- **Brief**:
Since pictures are not wanted in the copy, output only the rest of each record exactly.

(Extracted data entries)
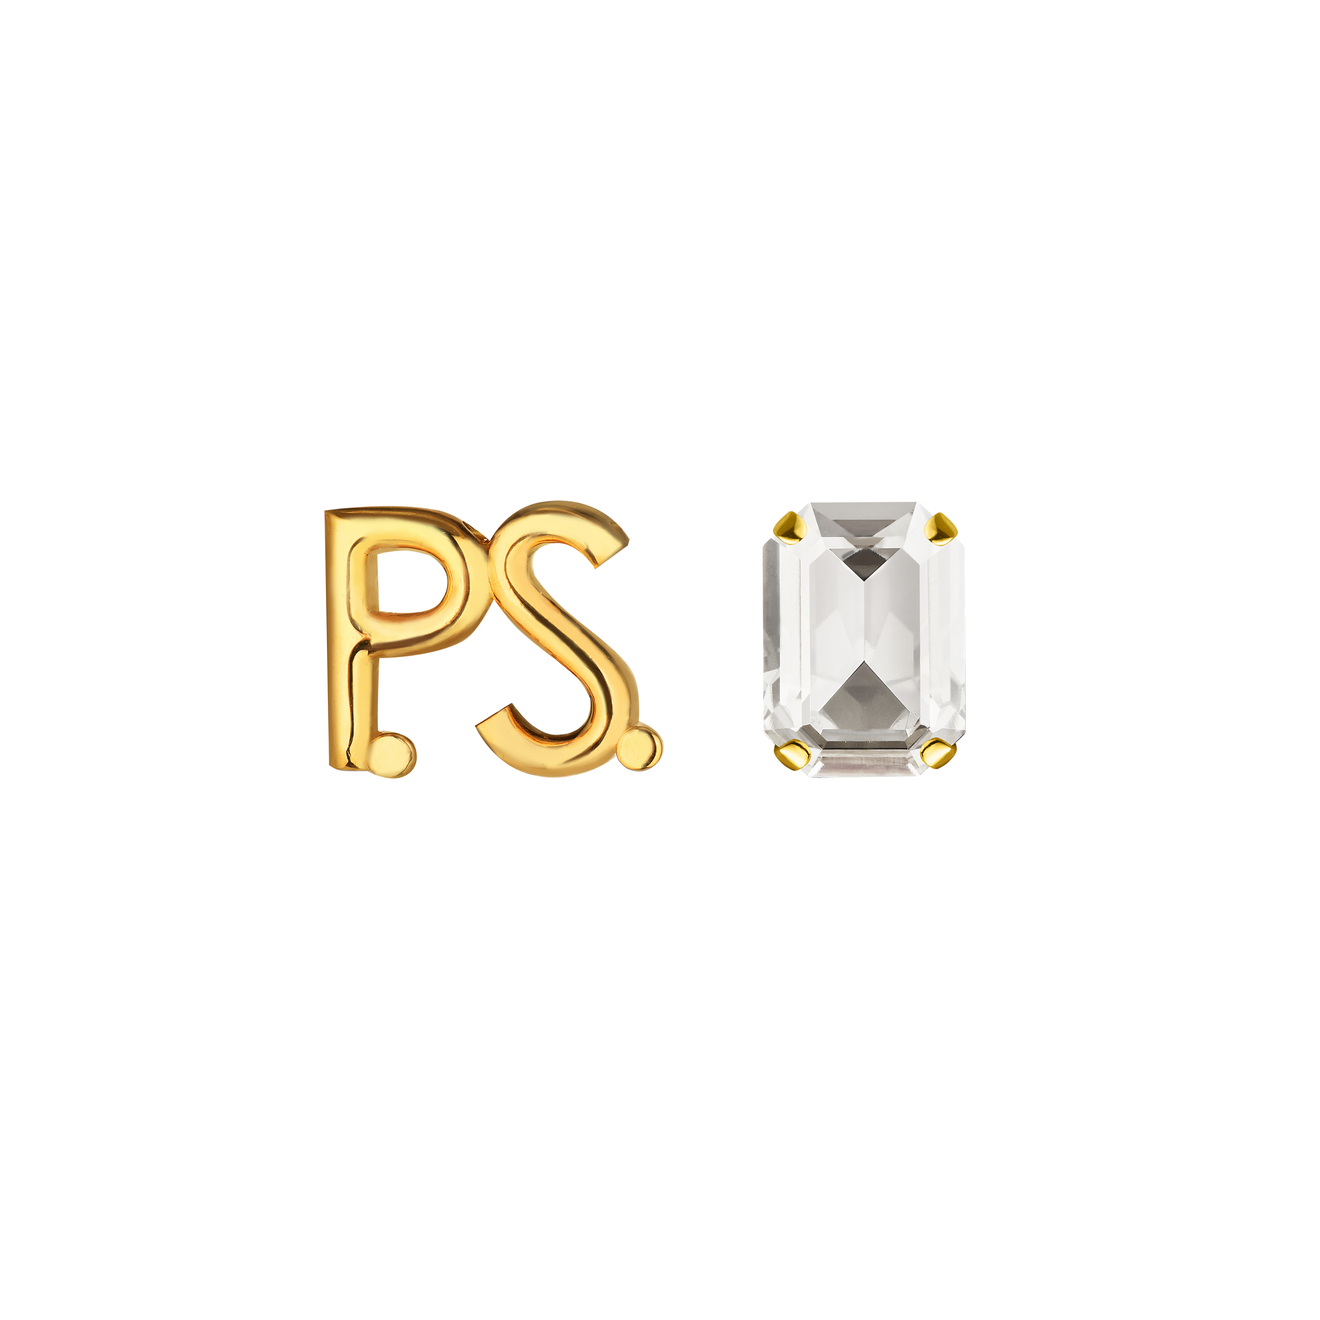 Phenomenal Studio Позолоченные серьги с фирменным логотипом и крупным кристаллом P.S. Crystal Gold phenomenal studio серебристые серьги с кристаллами и металлическими бусинами crystal disco
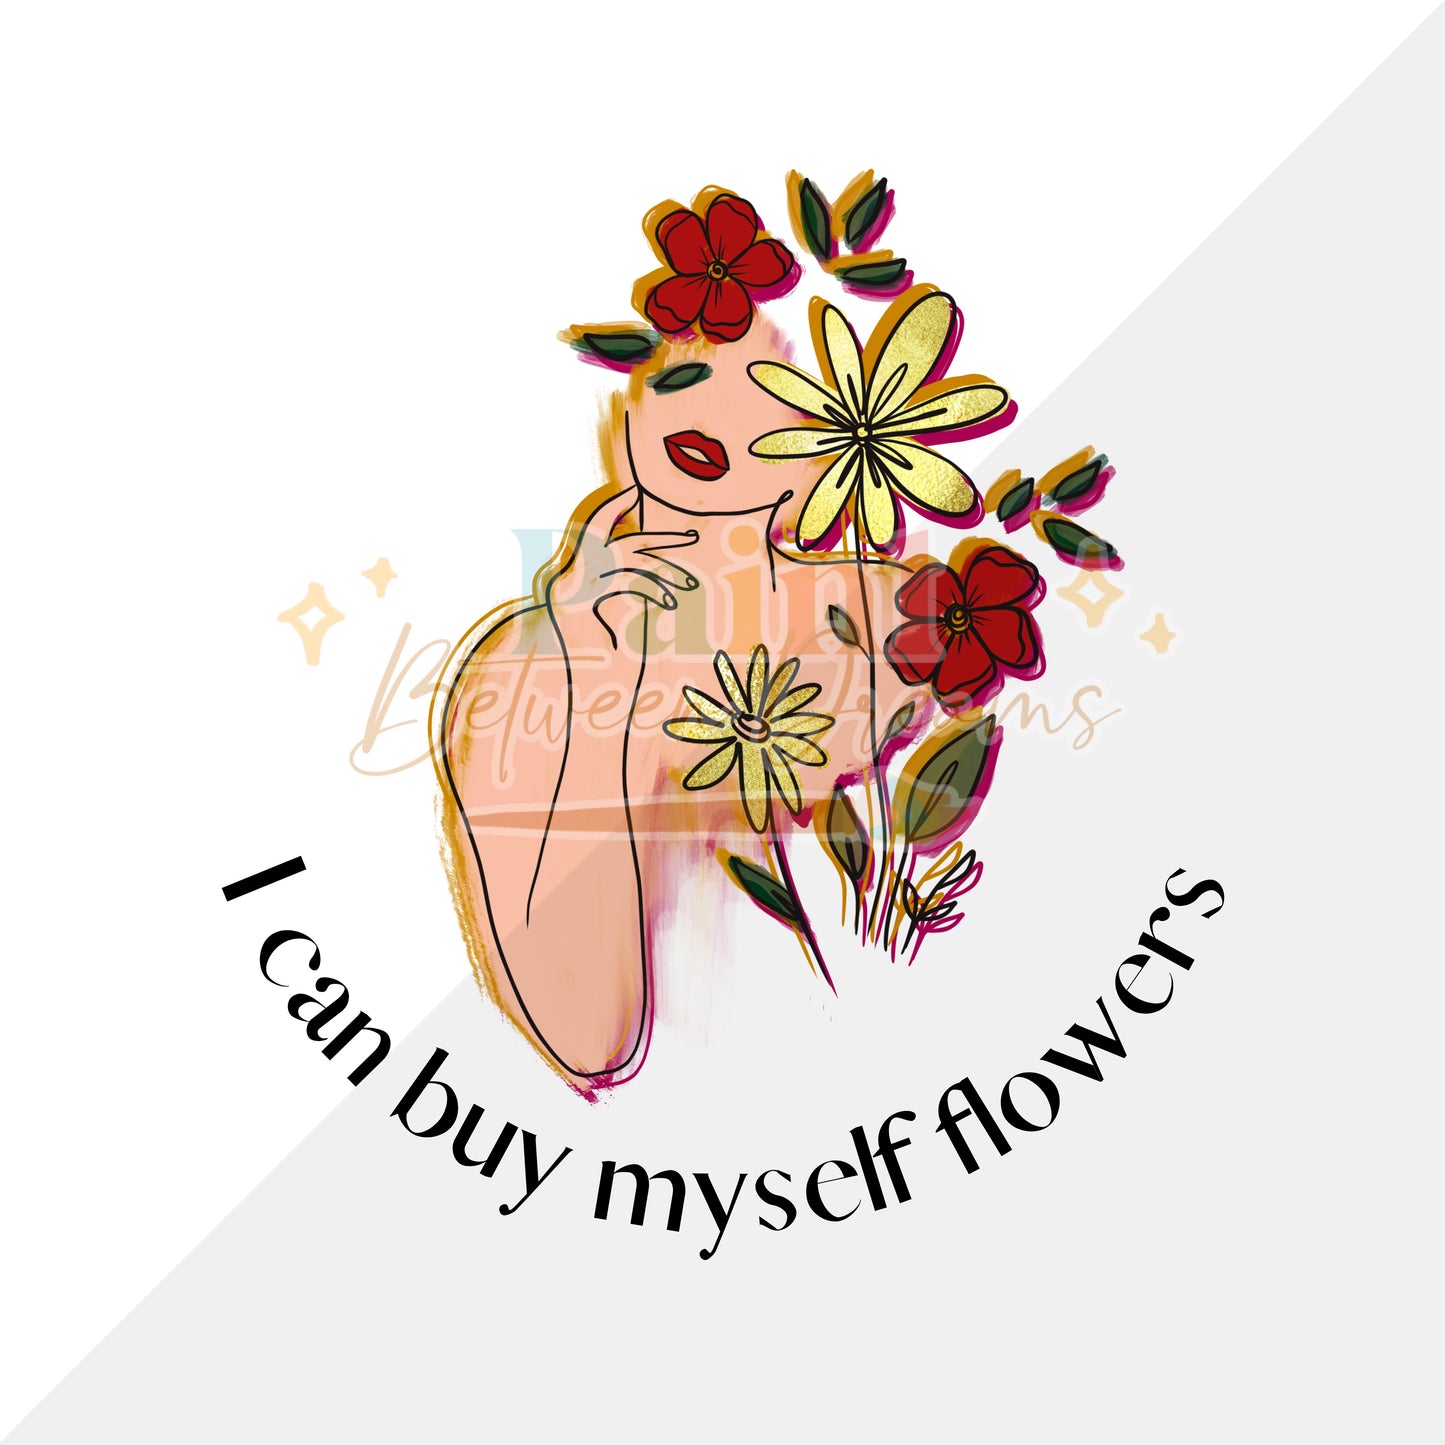 Buy Myself Flowers - 4 Skin Tones
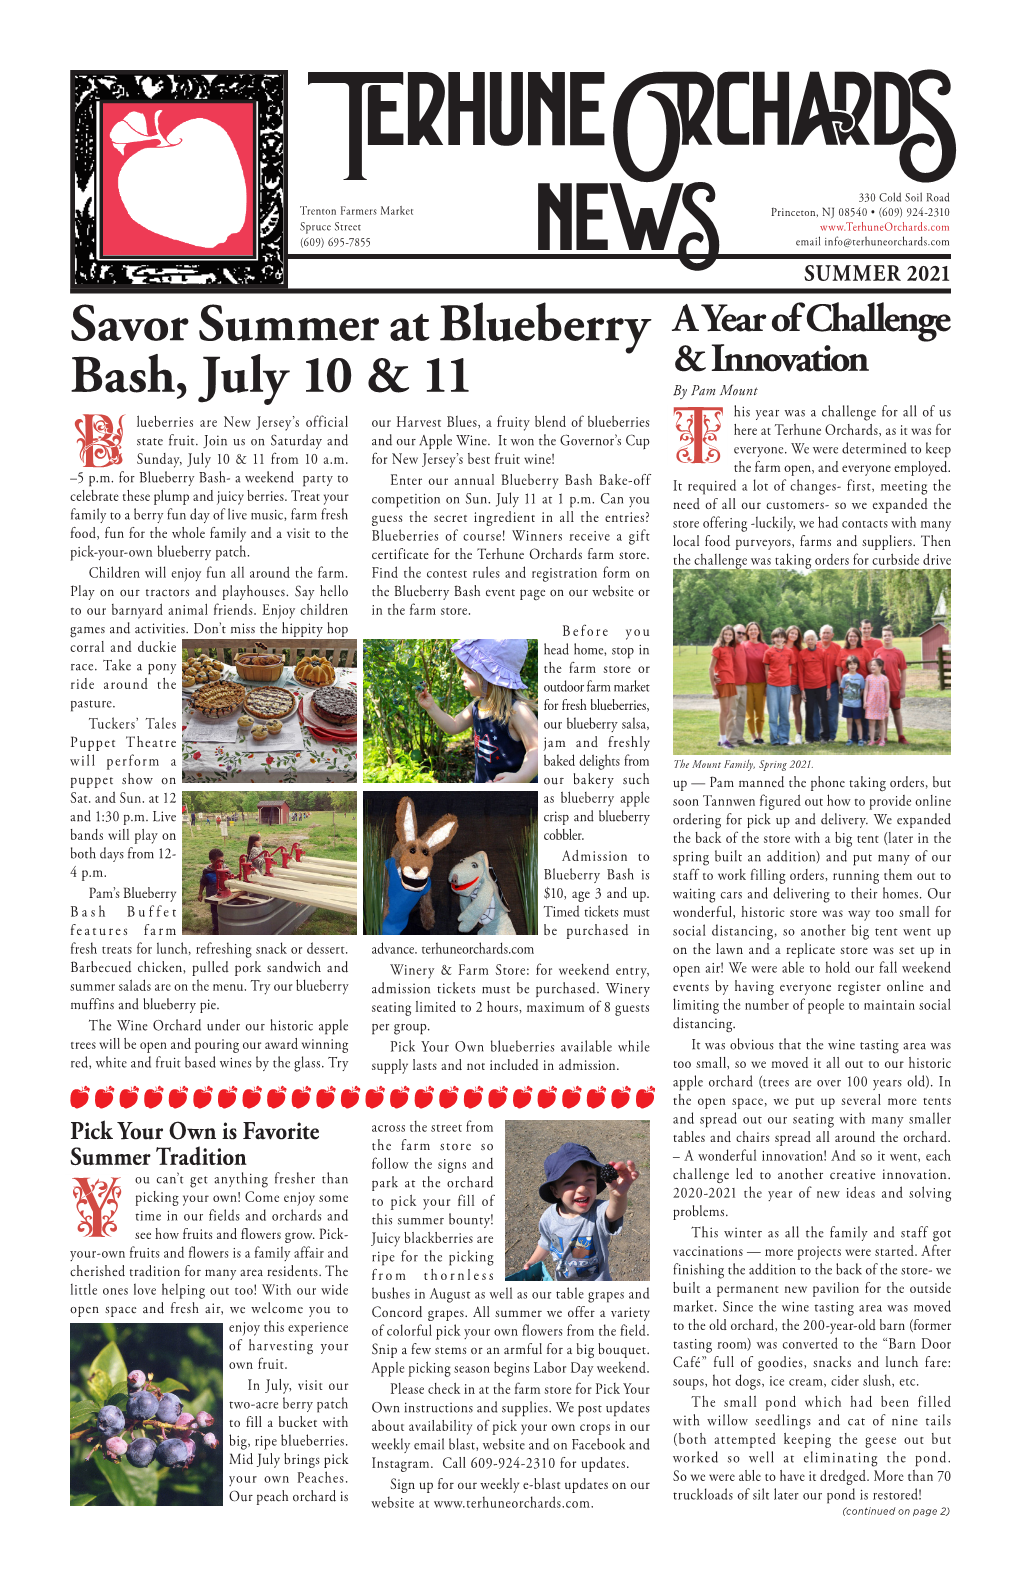 Savor Summer at Blueberry Bash, July 10 & 11
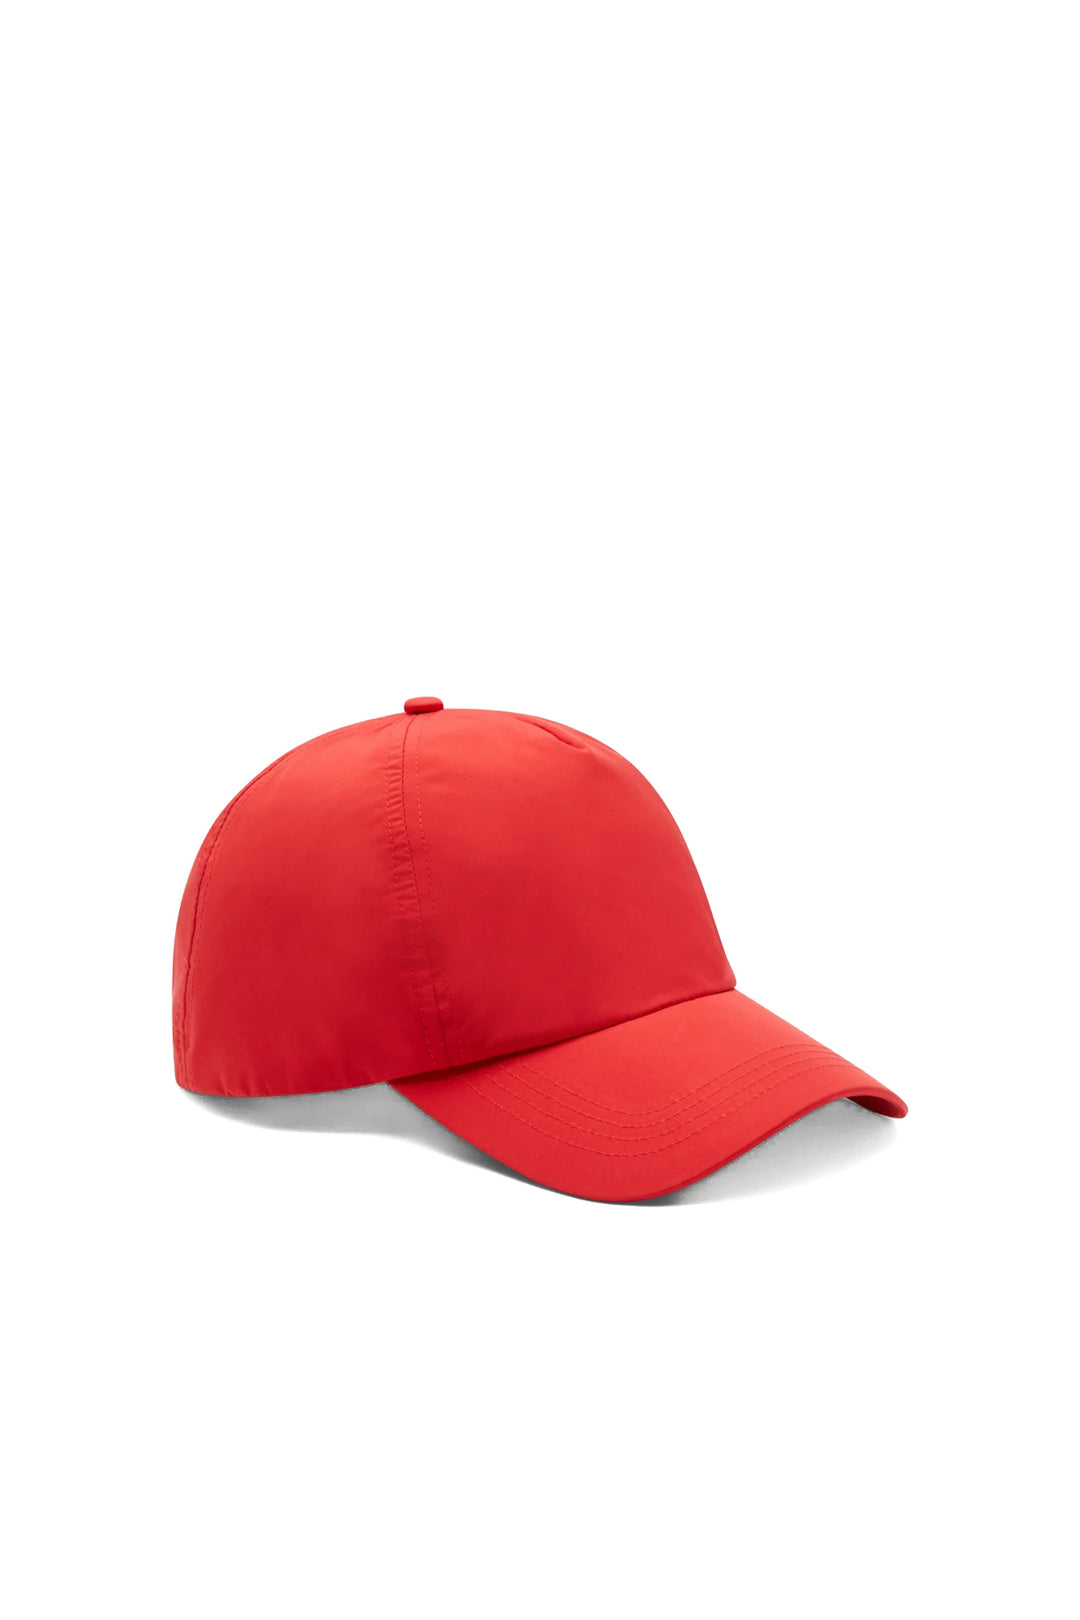 SAVE THE DUCK Cappello da baseball rosso “CLEBER” - Mancinelli 1954
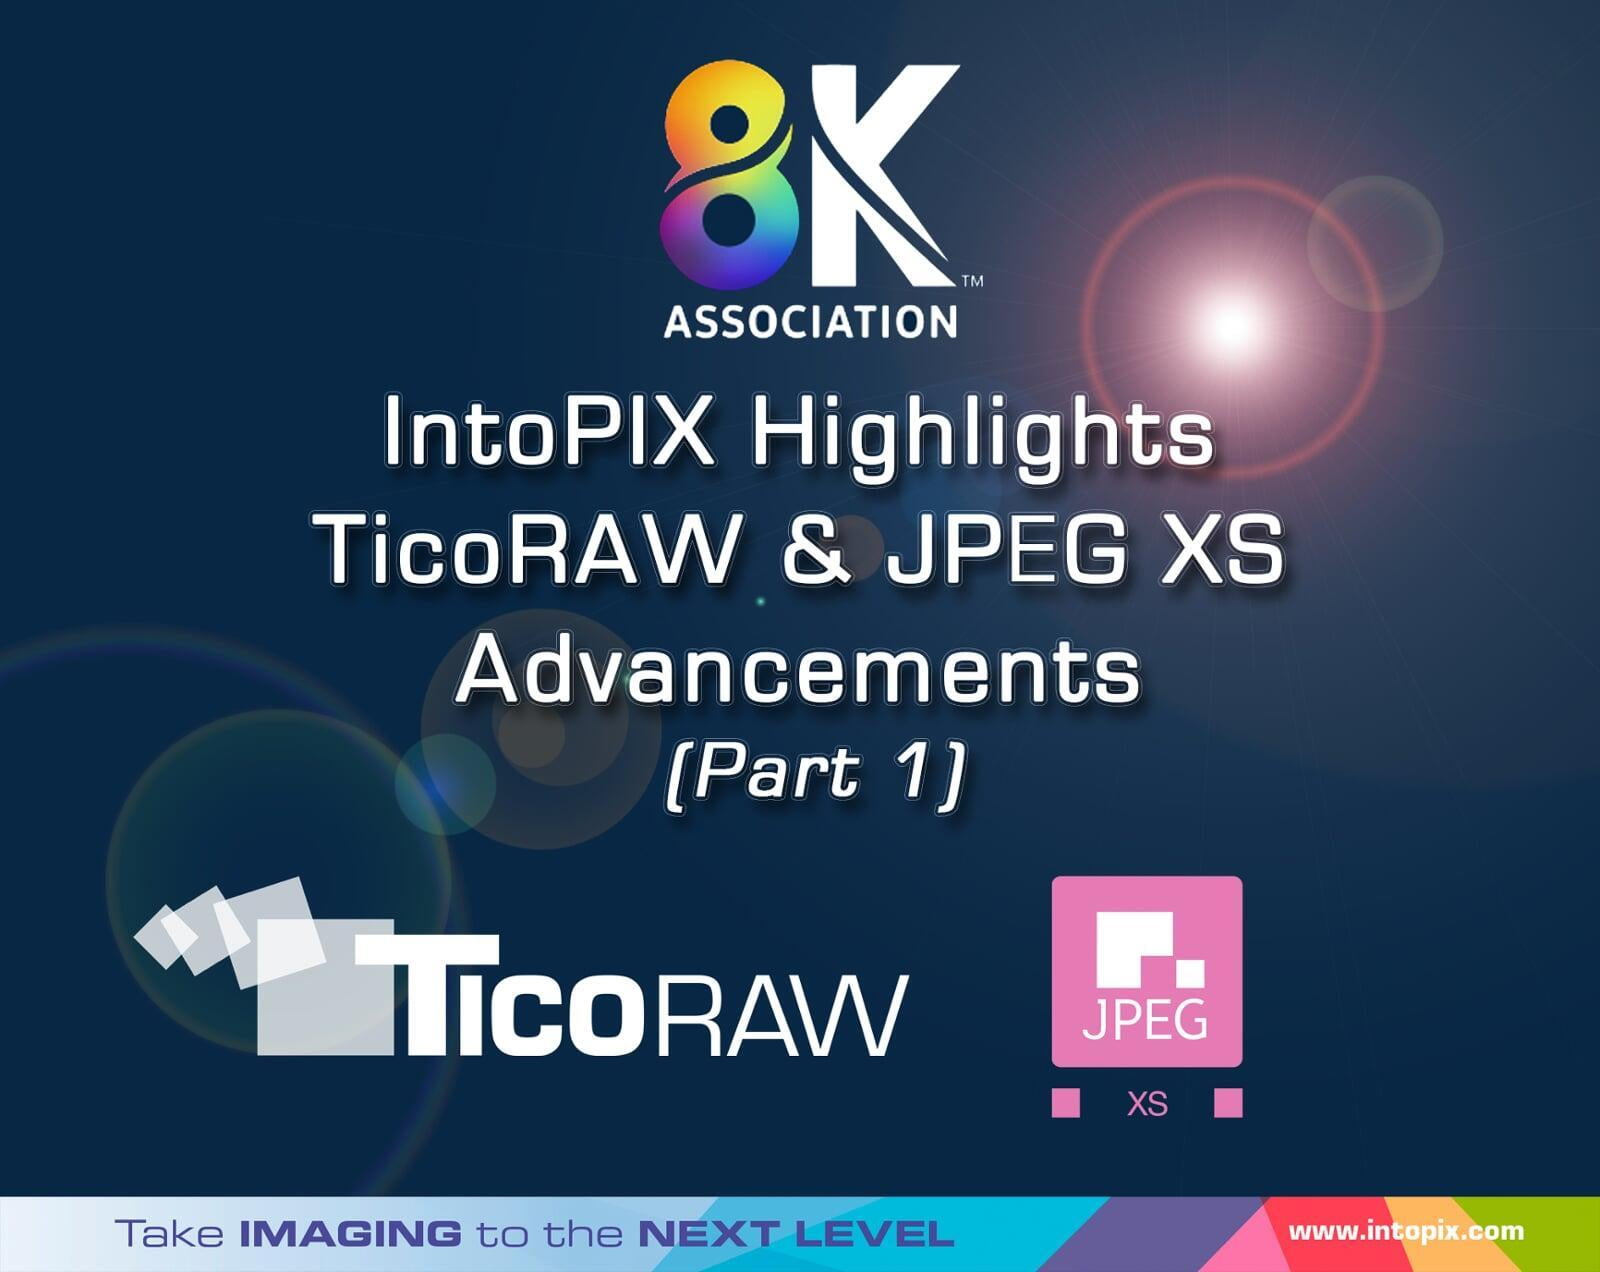 8K Association: IntoPIXのTicoRAWとJPEG XSの進化に注目（Part 1） 

- **Solution below**:
 Phenomenal Studio Позолоченные серьги с фирменным логотипом и крупным кристаллом P.S. Crystal Gold phenomenal studio серебристые серьги с кристаллами и металлическими бусинами crystal disco
 Buy Myself Flowers - 4 Skin Tones
 Savor Summer at Blueberry Bash, July 10 & 11
 SAVE THE DUCK Cappello da baseball rosso “CLEBER” - Mancinelli 1954
 8K Association: IntoPIXのTicoRAWとJPEG XSの進化に注目（Part 1） 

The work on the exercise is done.